Higher AI-probability was associated with greater burden of AF at baseline evaluations, increasing from 16% [4–44%] in patients with no history of AF, to 46% [24–65%] in patients with paroxysmal AF, to 70% [55–82%] in patients with persistent/permanent AF (p<0.001; Supplemental Figure SII).

Artificial intelligence probability and outcomes

The median [IQR] follow-up duration was 41 months [11–71 months]. In the 306 patients without prior history of AF, 72 developed new-onset AF (24%). For each 10% increase in AI-probability, there was a 31% greater risk for the development of new-onset AF (HR 1.31, 95%CI 1.20–1.42; p<0.001; Figure 5A). The time for 25% of patients to develop new-onset AF was 112 months for an AI-probability <5% (n=88), 66 months for an AI-probability 5–25% (n=95), 34 months for an AI-probability 25–50% (n=60), and 16 months for an AI-probability >50%. After adjusting for age, sex, presence of coronary artery disease and diabetes, left atrial volume index, and NT-proBNP levels, AI-probability remained a statistically significant predictor of the development of incident AF (HR 1.13, 95%CI 1.02–1.26; p=0.02).

Figure 5.

(A) Development of new-onset atrial fibrillation in patients without history according to AI-probability. (B) Freedom from all-cause mortality according to AI-probability.

AI, artificial intelligence.

In the population as a whole, 322 patients died (53%), including 189 individuals with established AF at baseline (20.3 deaths per 100 patient-years). In patients without AF history, 43 died after developing new-onset AF (13.3 deaths per 100 patient-years), while 90 died without experiencing any AF episode (11.0 deaths per 100 patient-years). Every 10% increase in AI-probability was associated with a 12% increased risk of all-cause mortality (HR 1.12, 95%CI 1.08–1.17; p<0.001; Figure 5B; baseline characteristics of groups in Supplemental Table SI). After adjusting for age, sex, presence of coronary artery disease and diabetes, as well as NT-proBNP levels, AI-probability was no longer independently associated with mortality (HR 0.99, 95%CI 0.95–1.04; p=0.80).

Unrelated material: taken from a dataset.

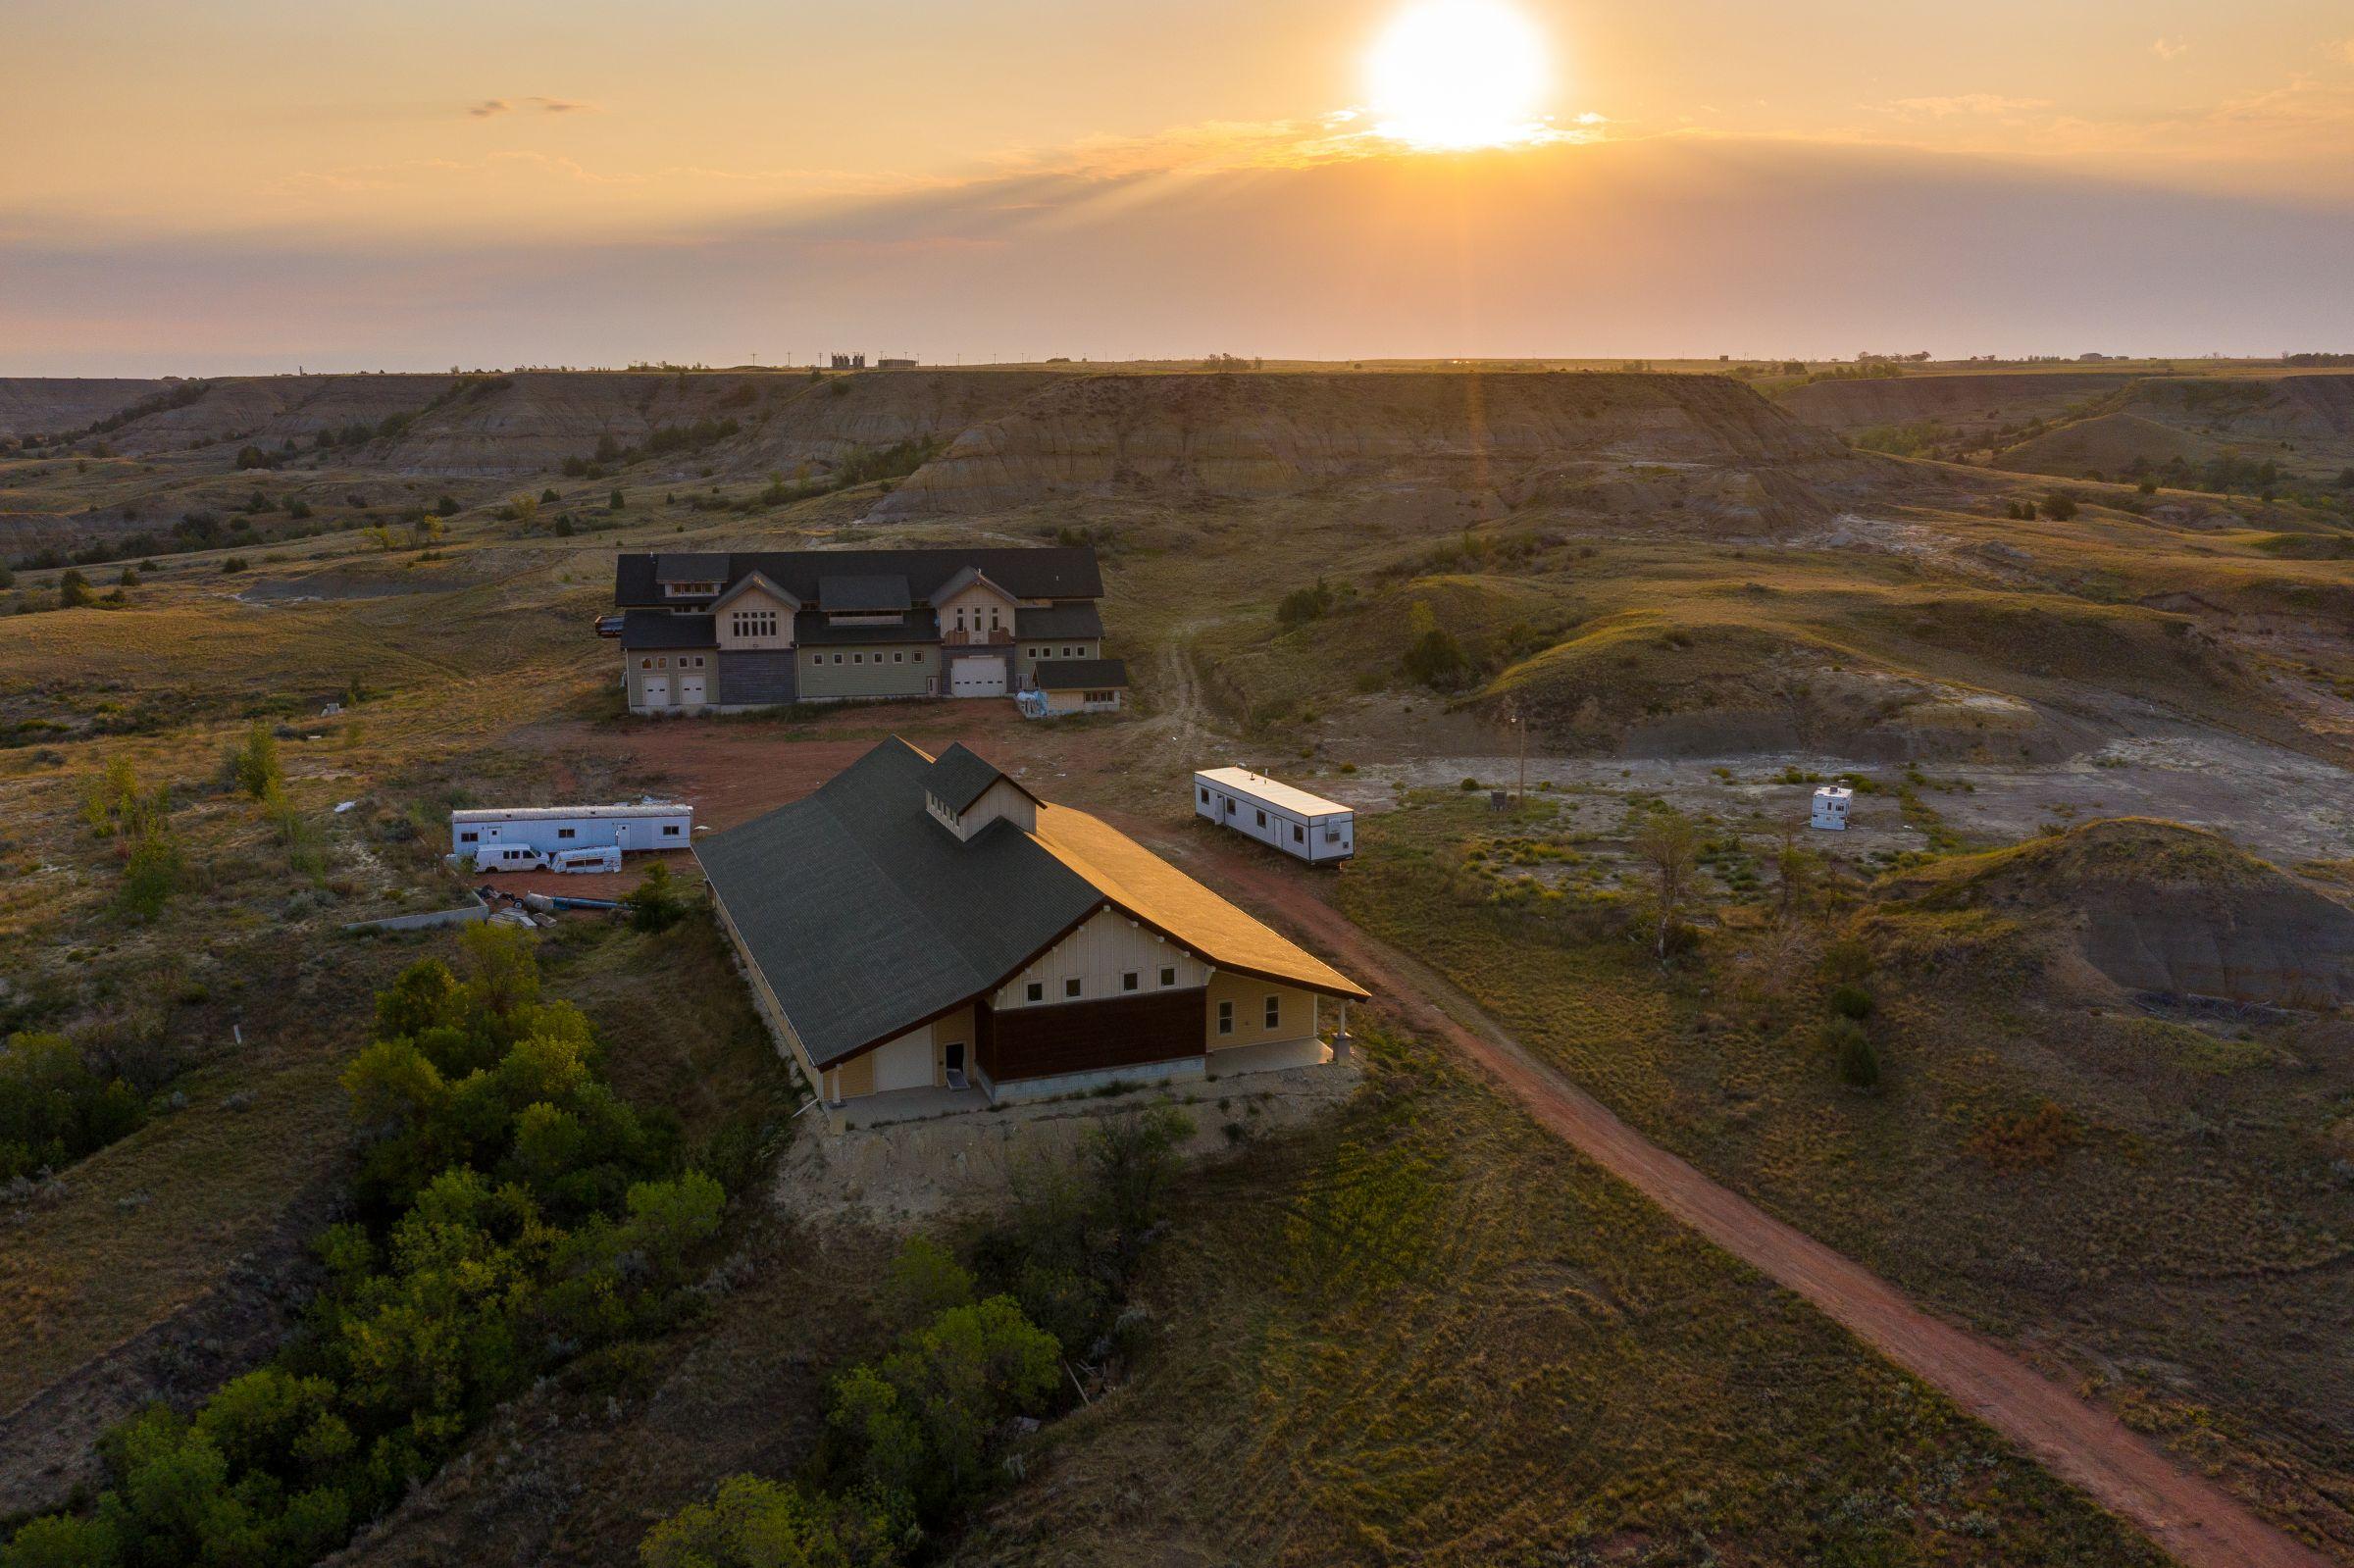 auctions-land-mckenzie-county-north-dakota-270-acres-listing-number-15735-0-2021-09-09-214352.jpeg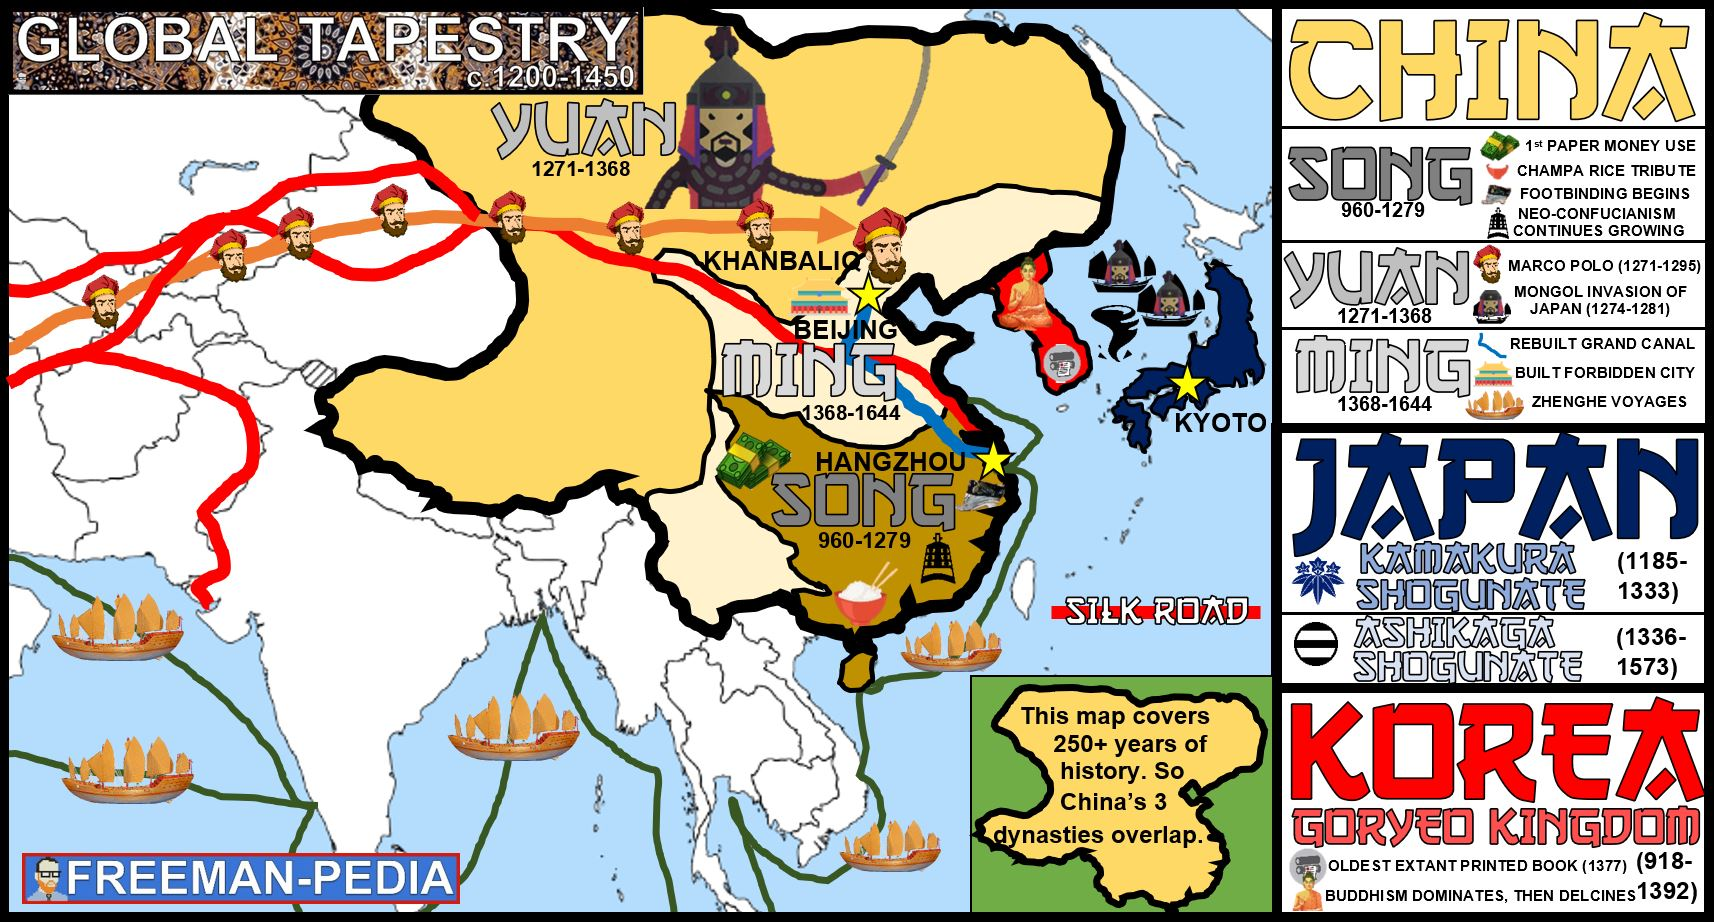 GLOBAL TAPESTRY EAST ASIA MAP FREEMANPEDIA.JPG

Sensitivity analysis restricted to sinus rhythm

AF was present in 178 patients at the time of ECG assessment (29%), while 63 patients were paced (10%). In a sensitivity analysis restricted to patients in sinus rhythm without pacing (n=372), increasing AI-probability remained highly predictive of development of new AF (HR 1.36, 95%CI 1.25–1.49; p<0.001). Similarly, the impact of the AI-probability on all-cause mortality was similar when restricted to patients in sinus rhythm [HR 1.16, 95%CI 1.10–1.23; p<0.001]. Differences in cardiac structure, function and hemodynamics were similar to findings in the population as a whole in this sensitivity analysis (Supplemental Tables SII and SIII) as well as in the subpopulation without AF history at baseline (Supplemental Tables SIV and SV).

Discussion

This study evaluated the utility of an AI-based ECG algorithm in a contemporary population of patients with HFpEF, with the specific aim to identify the presence of more severe LA myopathy assessed across mechanical, hemodynamic, and electrical domains. The key findings are that higher AI-probability is associated with: (1) more severe underlying structural heart disease, particularly greater LA remodeling and dysfunction; (2) higher cardiac filling pressures at rest, a lower cardiac output reserve with exercise, and higher pulmonary vascular resistance at peak effort; and (3) greater risk for developing new-onset AF, even years after assessment and independent of other covariates. Although the AI algorithm was originally devised agnostically to detect occult paroxysmal AF in patients residing in sinus rhythm, the current study clearly supports its use in detecting LA myopathy and secondary hemodynamic abnormalities that lead to morbidity and mortality in this syndrome. Moreover, for the first time, it is shown that the AI-enabled ECG can predict long-term development of AF.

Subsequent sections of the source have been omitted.